» Supplied material
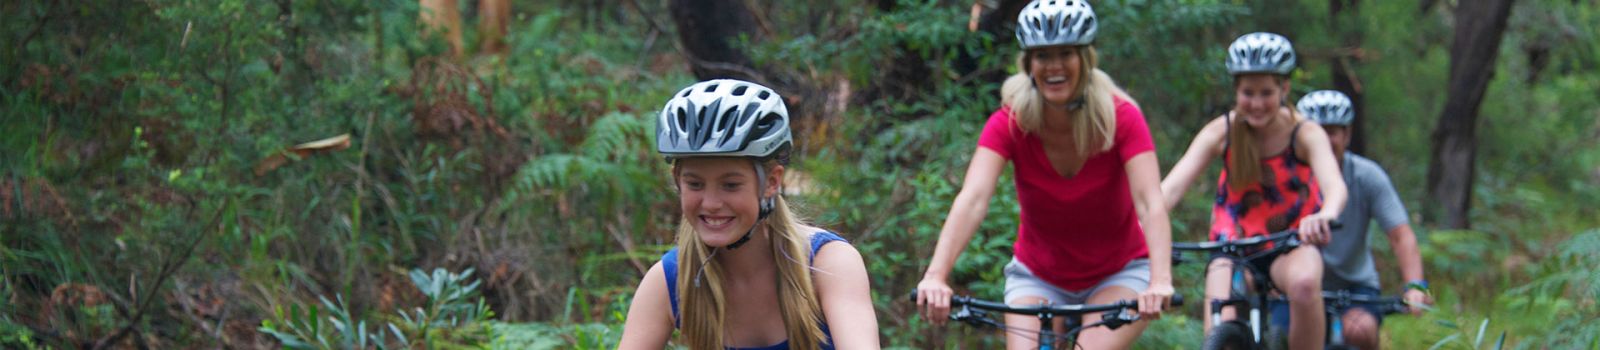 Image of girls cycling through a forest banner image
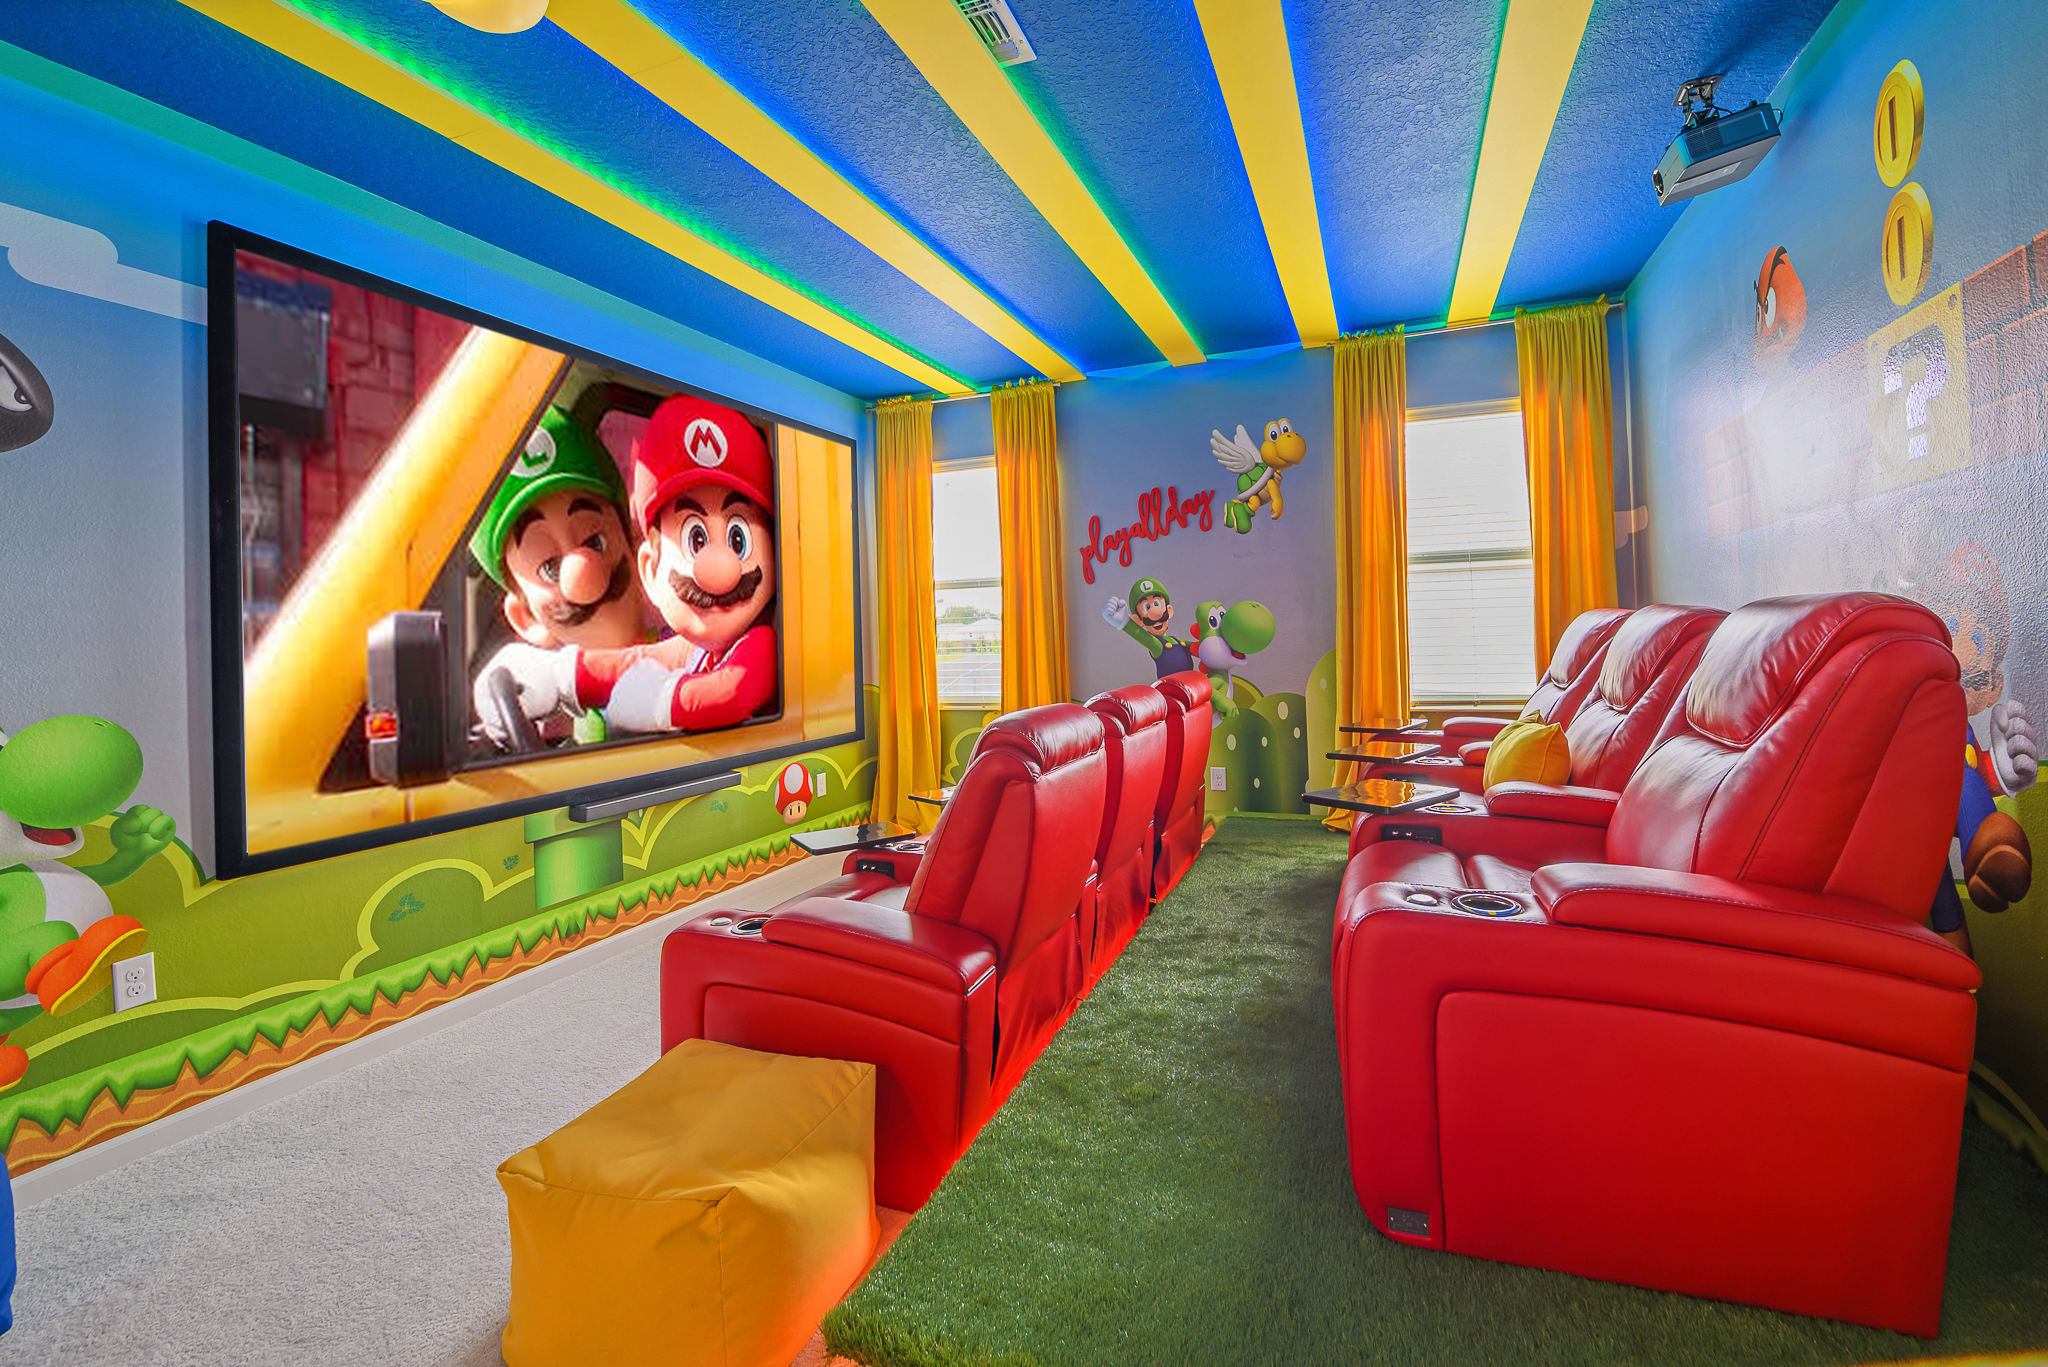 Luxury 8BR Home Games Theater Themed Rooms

...

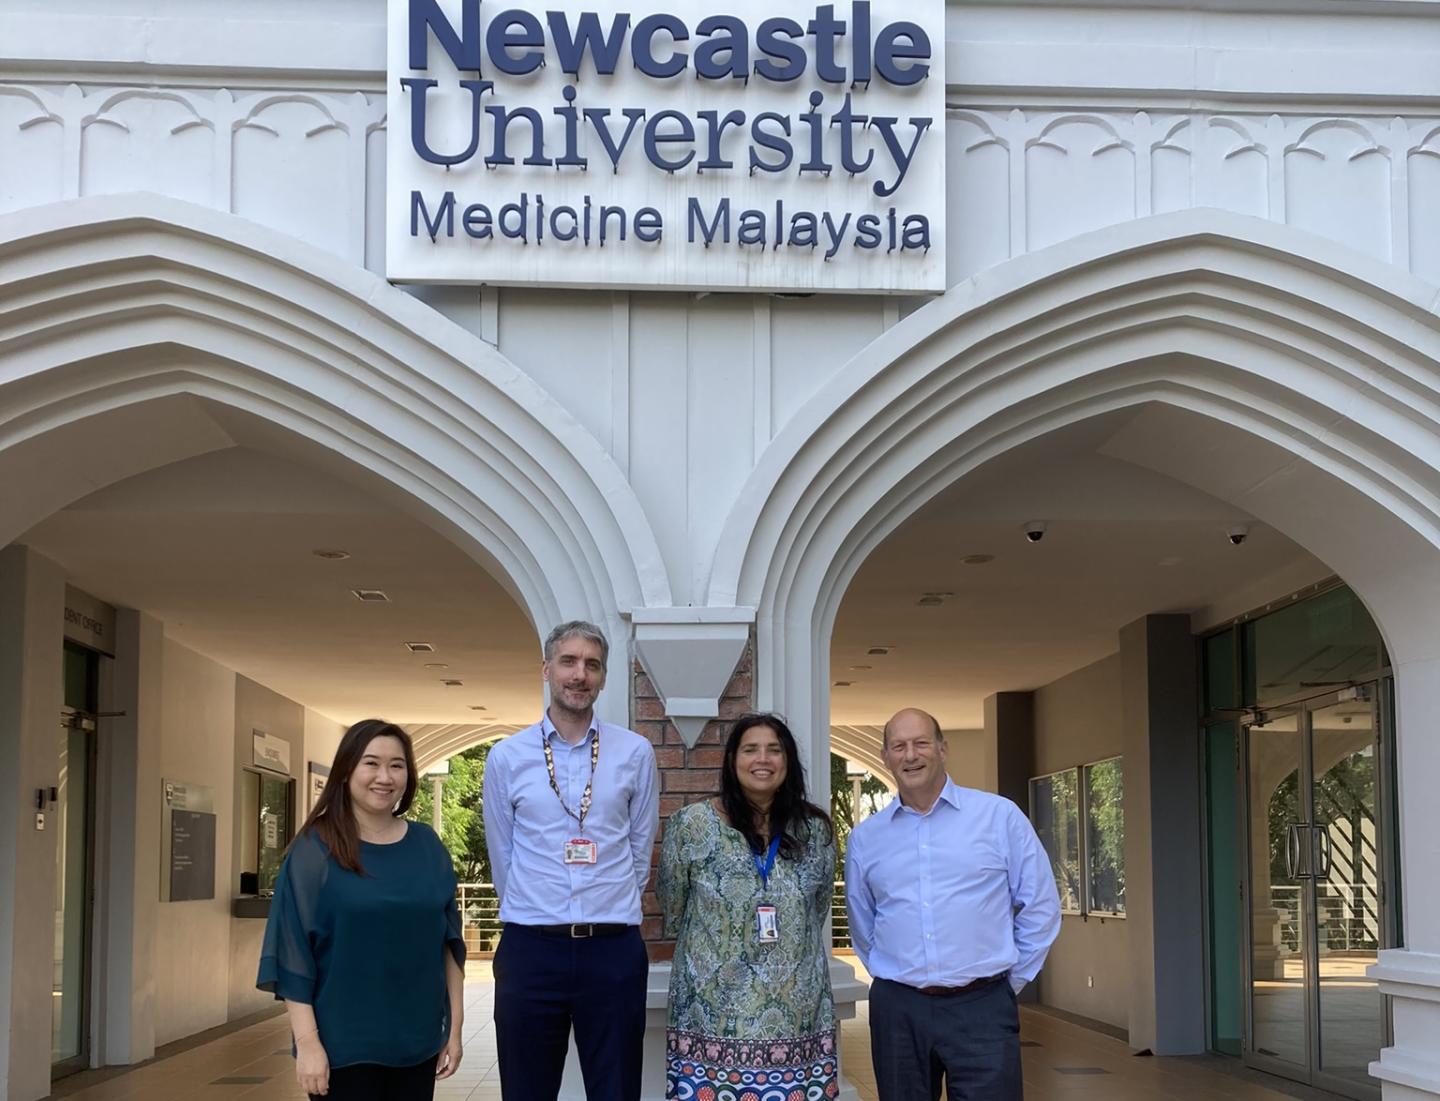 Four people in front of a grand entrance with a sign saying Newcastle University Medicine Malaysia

» Exercise requirements
Look above for the line with "Image of girls" and copy exactly from it through the line with "Luxury 8BR Home Games Theater Themed Rooms", both included. Omit the pictures.

» Result
 Image of girls cycling through a forest banner image
 Luxury 8BR Home Games Theater Themed Rooms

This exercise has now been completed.